How do you effectively discipline a two year old?

my son skipped the “terrible twos” until he turned 3 yrs old, which was nearly 3 wks ago… he pushes the envelope, and I usually consider this all appropriate for his age (testing the boundaries, independence). HOWEVER, when it gets too outrageous, I think about the things that he loves and warn him (with a firm tone) that those toys will spend the day in the garage as punishment; or places he loves to visit–as a consequence, we don’t and I let him know why we’re not… this works most times. I have to admit, though, that on Thanksgiving evening he was reading me the riot act in the presence of others, and I repeatedly told him to stop, and this while stressing out in the kitchen amongst others wanting this or that and telling me, “oh! he shouldn’t talk like that to you!” (<-- from parentless people, no less), and THAT got the better of me so I picked my son up and took him into the next room and patted him twice on his behind (barely any force at all), and not to cause him too much discomfort, instead he got quiet and seemed confused, “why did you do that, mommy?” and I felt nauseous because I know that it wasn’t my son’s behavior alone that caused me to pat him (a sort of spanking)–it was the parentless faces in the other room provoking me to do something immediately about his behavior… shame shame on me! I reminded myself afterwards that I SHOULD have considered the chaos of the evening with too much family in a small place and how at times, I felt a little tensed… so quite possibly my son felt the same, coupled by the fact that I couldn’t give him any attention while cooking, serving, cleaning, serving more, cleaning again, etc.

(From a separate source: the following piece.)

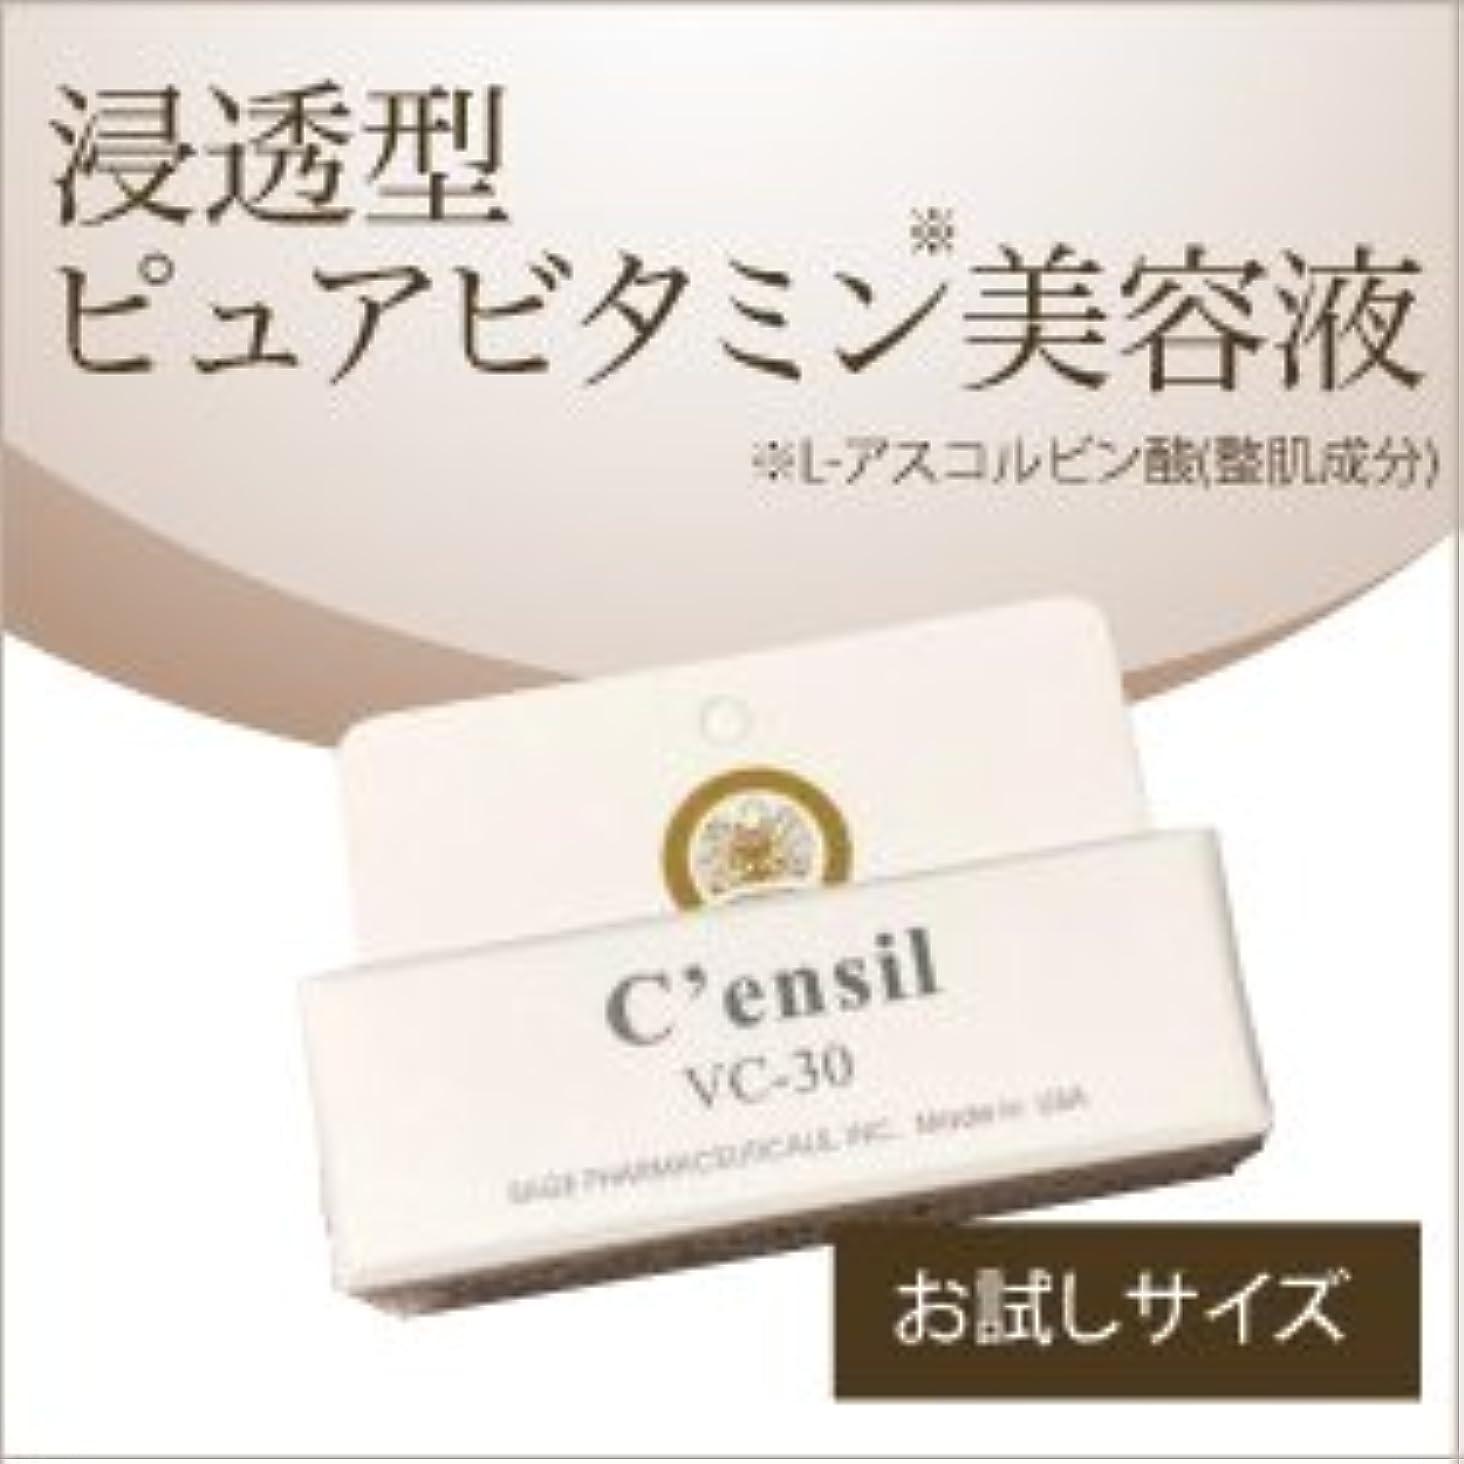 賄賂悪党お肉センシル C'ensil VC-30 ミニ 2ml 美容液
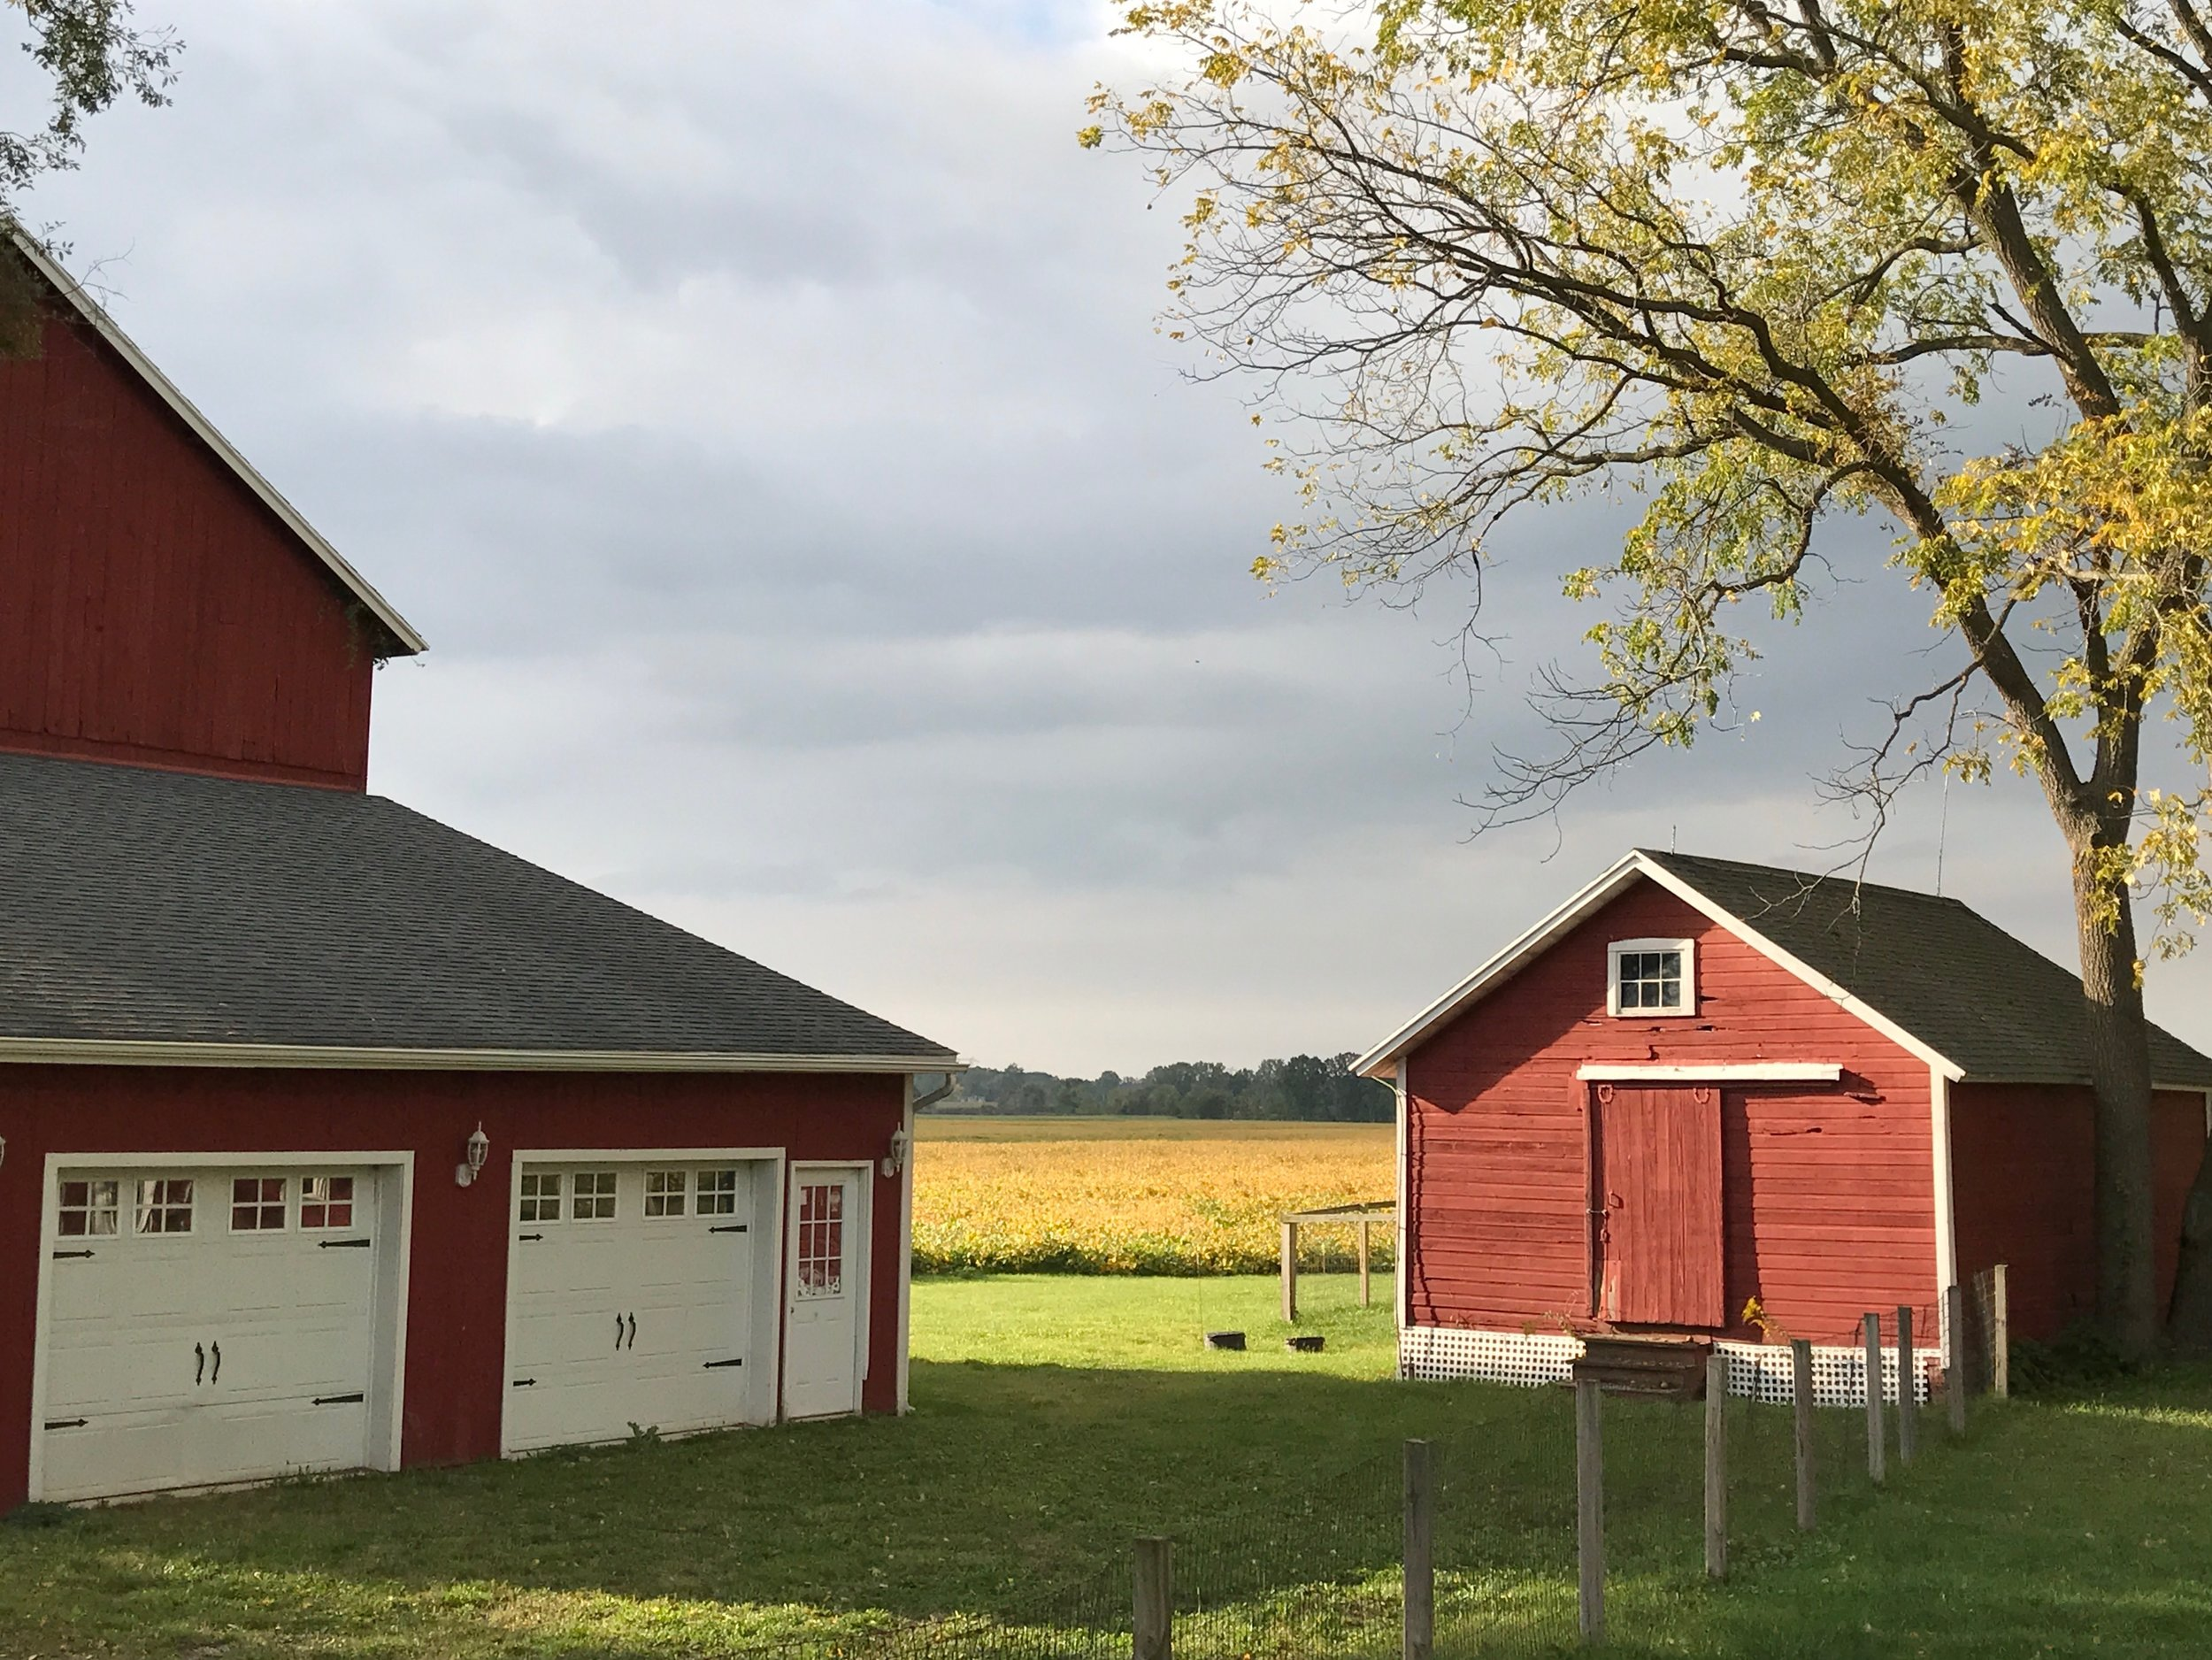 Autumn sunset at the farm

I know we have to consider their maturity level when having discussions with them about appropriate and inappropriate behavior, with my son, he’s a little precocious and can grasp quite a bit for his age, nevertheless, he has his moments and it’s NOT up to my son to consider the appropriateness of his behavior–it’s up to me, and unless he’s burning down a house, causing injury to an animal or a person, I’ll keep things in perspective and continue with strategies that “most” often work–no spanking.